Hungary seems to have actually managed to sell carbon credits that weren’t valid, hurting ‘investors’ in the process. Ireland’s per capita alcohol consumption dipped 9.6% in 2009 and China awarded $112,219 to 737 persons for information they provided about pornography on the Internet. Drought stricken Venezuela has asked everybody to cut power consumption by a fifth and has started punishing violators, which include Sony. Vague and unconfirmed reports say a famine like situation is building in North Korea again. While Hong Kong and Singapore are still struggling to be treated as financial hubs in their own right, and Frankfurt and Zurich continue to fret about London’s status, Warsaw says it too wants to be a financial hub.

The list of companies that are no more considered ethical by The Ethisphere Institute reads like a who’s who: BMW, Danone, Dell, Holcim, Honeywell, HSBC, Kellogg, M&S, Marriott, McDonald’s, Novartis, Oracle, Safeway, Unilever and, of course, Toyota. Start redesigning your algorithms for enterprise valuation since eventually somebody at the St is going to use, sooner or later, these rankings for pushing up (or down) a scrip.

Google isn’t God, insist the Chinese, as the tiff continues to escalate. Frontline companies in China and Hong Kong have started abandoning Google search engine. Microsoft’s browser has lost some share in EU after it made it easier for users to use other engines with Windows and expects a billion to use cell phones with software for Internet-calling, messaging and video within three years. India’s Airtel has finally sealed a $9 bn deal for the 42 mn customer base Africa business of Kuwait’s Zain; perhaps it should have followed China Mobile and bought a bank instead. Cisco expects to expand its payroll by 3,000 this year.

Citi’s latest offering is a credit-card portfolio with $40 bn outstandings.
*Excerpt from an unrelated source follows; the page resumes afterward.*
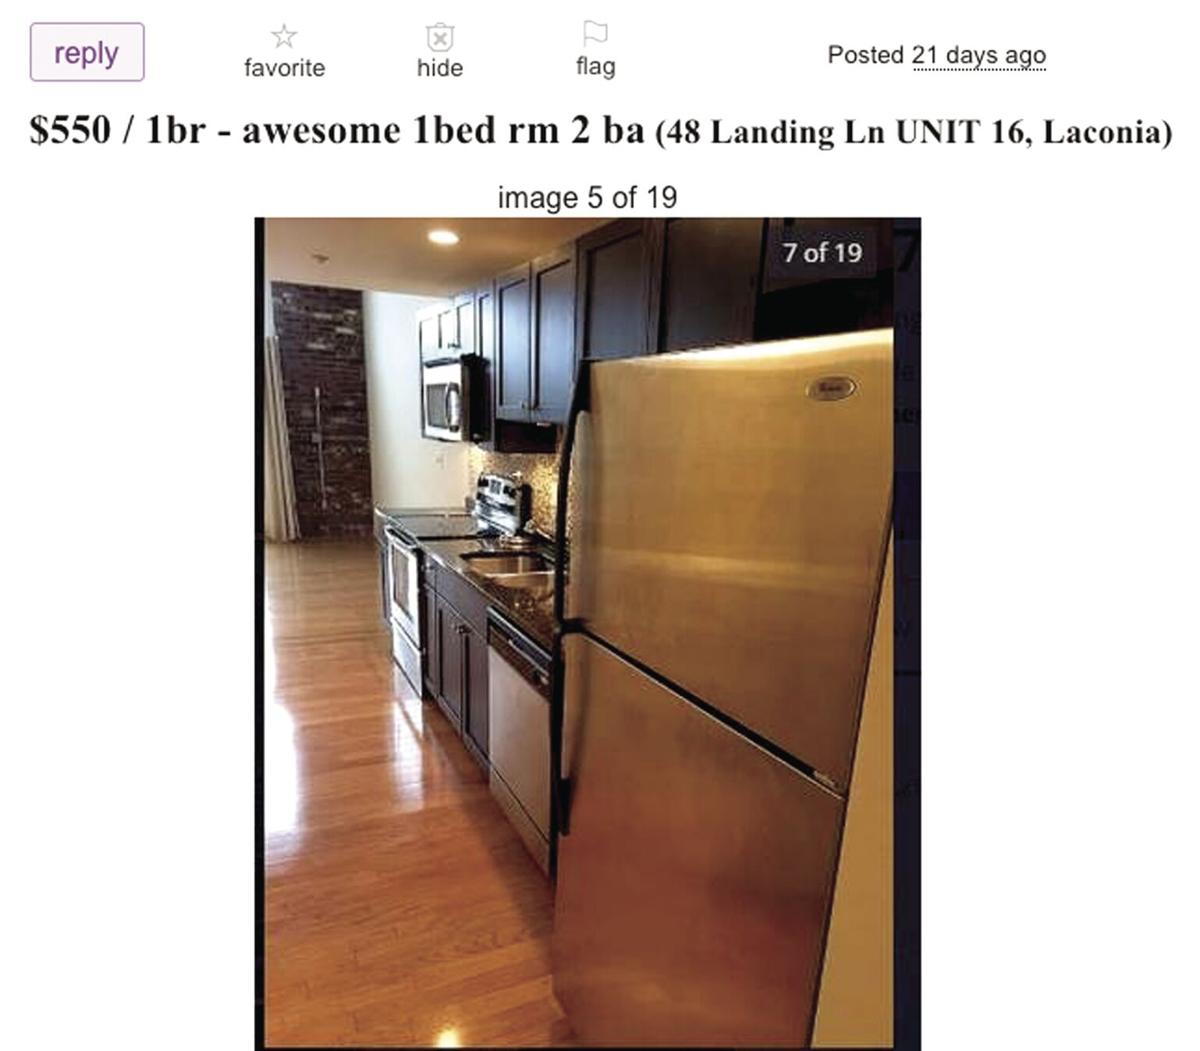 Such a deal — too bad it's not for real: Craigslist rental scam

Dai-ichi Mutual Life is to raise $11 bn for God knows what; one thought life insurers are lenders always flush with funds.

Toyota’s aggressive discounts in March have forced rival Honda to follow suit, and the scene stands reversed completely with GM and Ford showing restraint while Toyota and Honda are going for the jugular.
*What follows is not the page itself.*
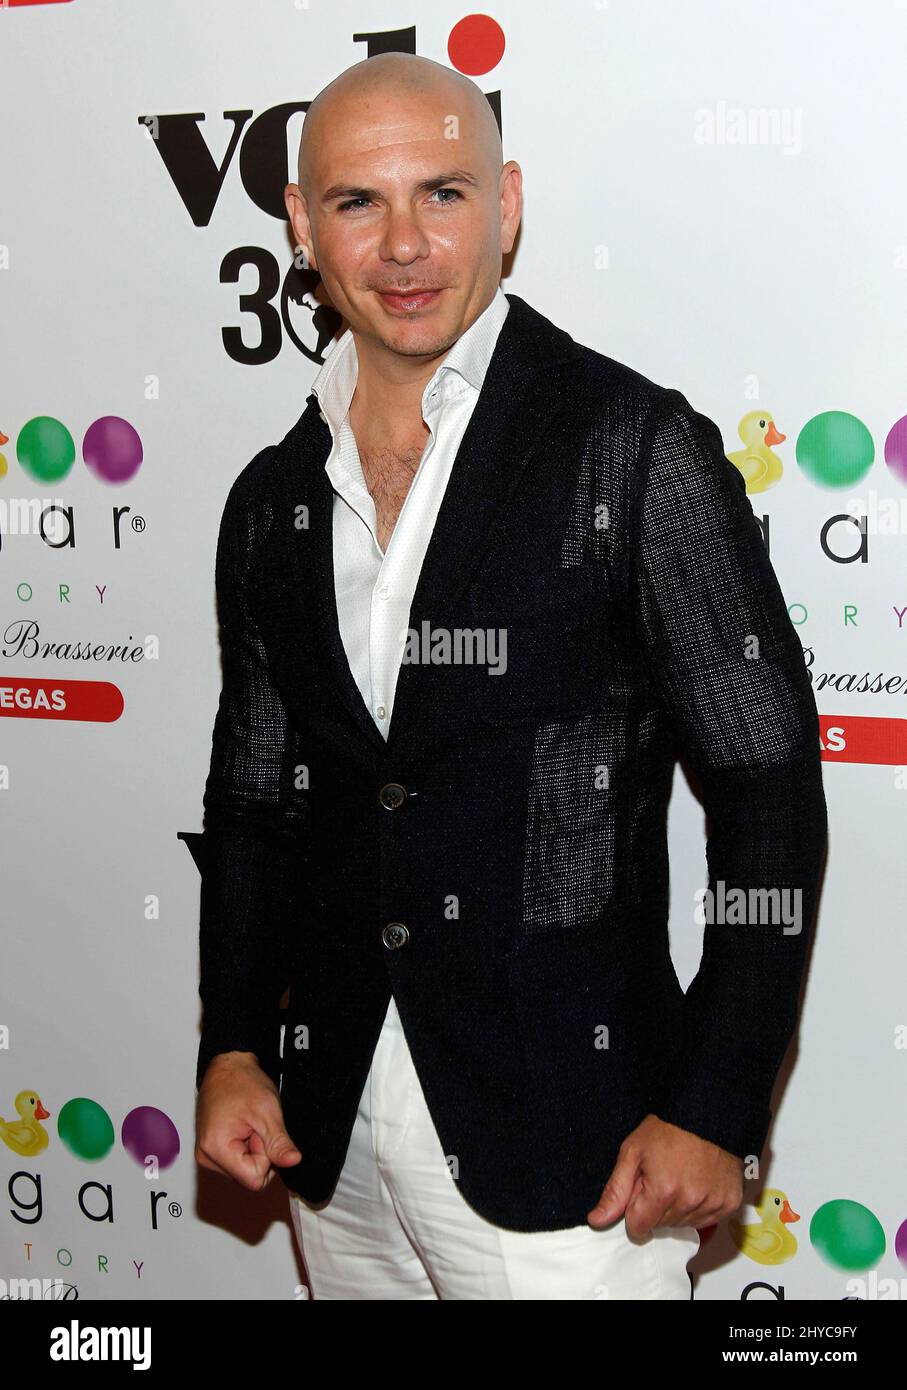 Pitbull attending the Sugar Factory Grand Opening Celebration Month with an appearance by Pitbull, at the Sugar Factory American Brasserie in Las Vegas, Nevada Stock Photo

BMW is supply fuel efficient diesel motors and transmissions worth $1.35 bn worth for US police cars, Volkswagon is planning to raise nearly $6 bn to ensure adequate ratings post-takeover of Porsche, and Daimler, accused of having paid bribes in 22 countries, including Russia, China, Greece, Turkey, Nigeria and Vietnam, has agreed to pay over $200 mn in fines.

Posco is going for shipbuilding plants in India and Indonesia under a $30 bn expansion plan and is even gunning for Daewoo Shipbuilding but Warren Buffett, a shareholder, says he would like the company to undertake a thorough study of the market.

Dubai World, which owes money to 90 banks, is to be supported by the govt with $9.5 bn in new funds, Arrow Energy (Australia), having a lot of coal seam gas, is being taken over by Shell and PetroChina jointly, for A$3.4 bn, and sales of Li & Fung of Hong Kong fell only 6% to about $13.5 bn, despite prices having plunged 9%. China Railway has won a $4.8 bn railway contract in Indonesia and Tiffany quarterly revenue is up 17%, rising to nearly a billion in the latest quarter.

Diabetes is reportedly growing in China, having reached 4.5% compared to 7.1% in India and 12.3% in India. Incidentally, diabetes is routinely described as the disease of the rich, perhaps because only the rich can afford permanent medication.

A typical car has about 80 microprocessors and nearly a 100 mn lines of software code and all software have one defect per 10,000 lines. The are going to provide black boxes, like aircraft, but remember you can access them only from up above, after reaching either heaven or hell.

Industrials in S&P 500 had a cash hoard of $832 bn last year and all financials, including banks, are oozing money from eyes and ears. Treasuries are finding few takers while corporates are making hay by handing out fistfuls of bonds. Where is the world going and what to do? Read the Lehman report and try to understand how Repo 105 worked. If it worked for Lehman, may be it will work for your company too.